The idiot manning his controls seemed to derive great pleasure from having him defoliate large portions of the woods through which he was supposed to pass in o
rder to attain the next level. And ultimately, his Princess.
He'd been packing a hell of a hard-on ever since she'd appeared to him—a vaporous image bidding him rescue her and giving some obscure clues he couldn't figure out if his life depended on it. It was still early in the game—perhaps she'd appear again soon. Perhaps she'd be naked this time. Perhaps she'd touch herself... Aaaargh.
Speaking of his life—he quickly flashed a glance at the well-concealed bars beneath his feet. They followed him around and let him know when he was about to expire. He sighed. All too often he saw no healthy red glow, no reserves in his life system. Sure, he had strength and a bit of magic left, but for some sick reason, players seemed determined to win out by simple brute force. Hence the savage slash-and-burn pruning techniques he was currently employing.
Right now he had a bit of life left, thank God. He wanted to get to Zara in the worst way. He moved forward and attacked another bush. He wanted Zara's bush.
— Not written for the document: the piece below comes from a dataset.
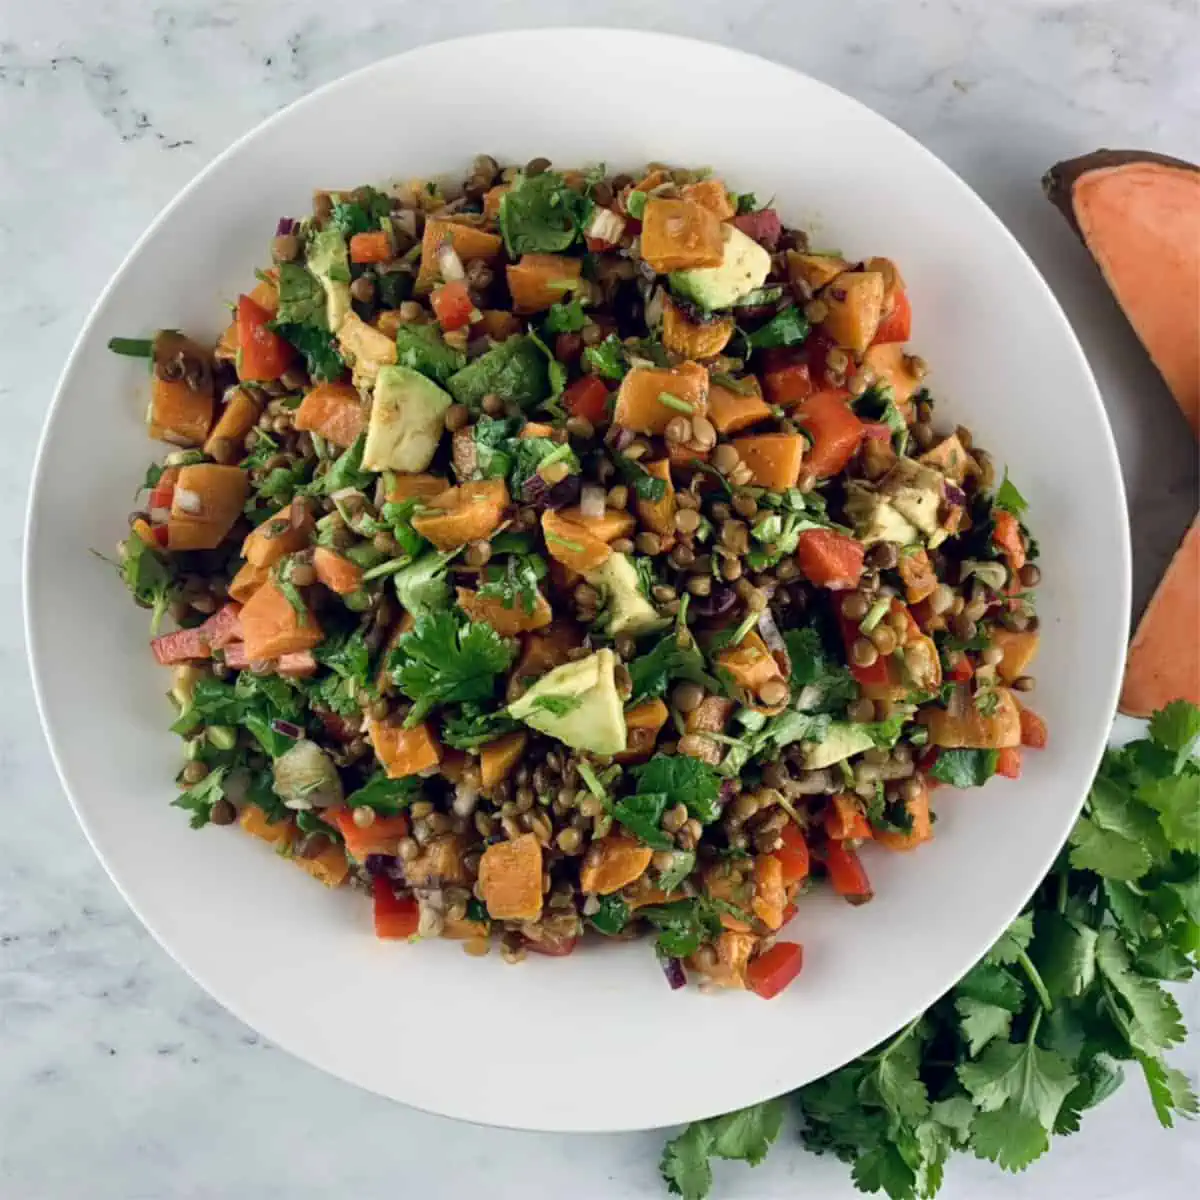 Lentil sweet potato salad in a white bowl with sweet potato halves and coriander/cilantro sprigs on the side.
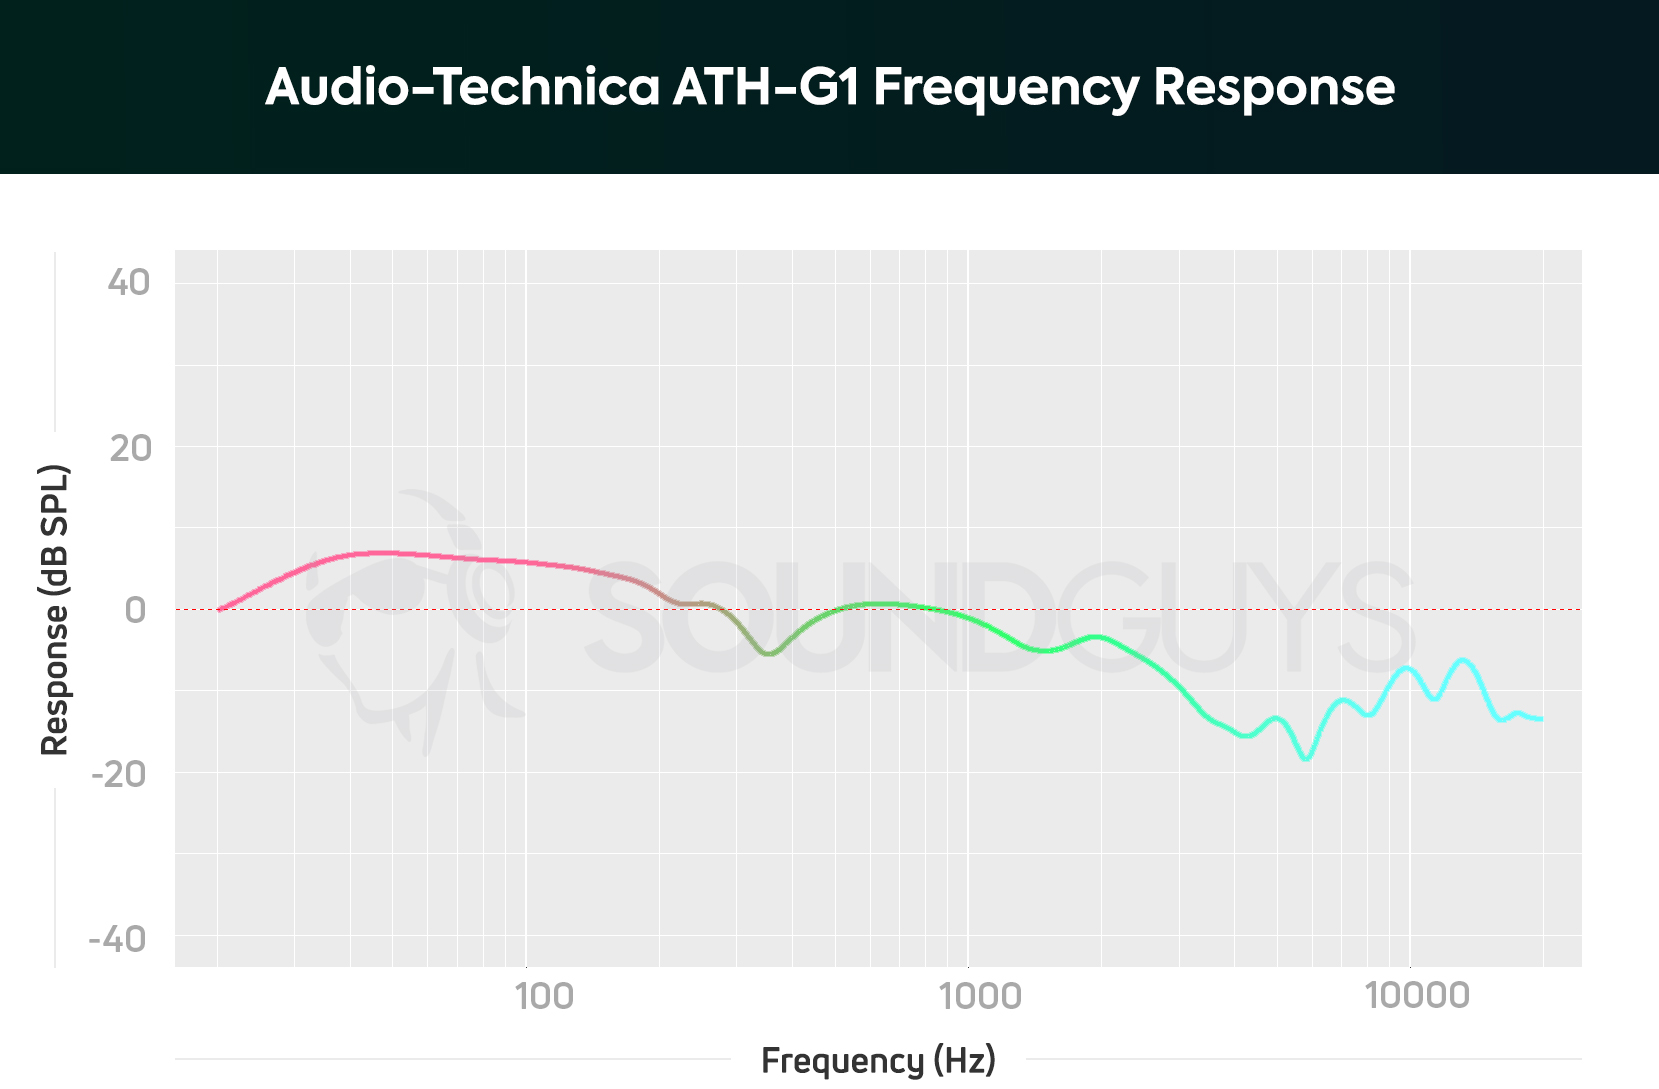 The Audio-Technica ATH-G1 gaming headphones frequency response.

He wanted Zara, moaning beneath him, on top of him, wherever...
There was nothing like a serious case of lust to motivate a hero on a quest. Bravely he slashed onward, sweating and brushing his annoyingly silky blond hair out of his eyes. His tights were too tight, his cock was too hard—and to top it all off, his stupid hat made him look more like a fairy than half the fairies he'd seen up to now.
One of the villagers had snickered at him too. That hurt. He was the hero, for Chrissake. Didn't anyone understand that? Sheesh...
"Goddamn fucking stupid leaves—" Thwack. Another branch met its demise. He was talking out loud to himself, but since it wasn't dialogue it wouldn't show up on the game screen. Only the proper conversations, those permitted by the Great Programmers, would appear as silly balloons over his head.
Damn near scared the crap out of him first time it happened. And having the crap scared out of you when wearing tights wasn't a good idea. A dull clang brought him up short and he stared at the tree trunk he'd managed to swipe by mistake.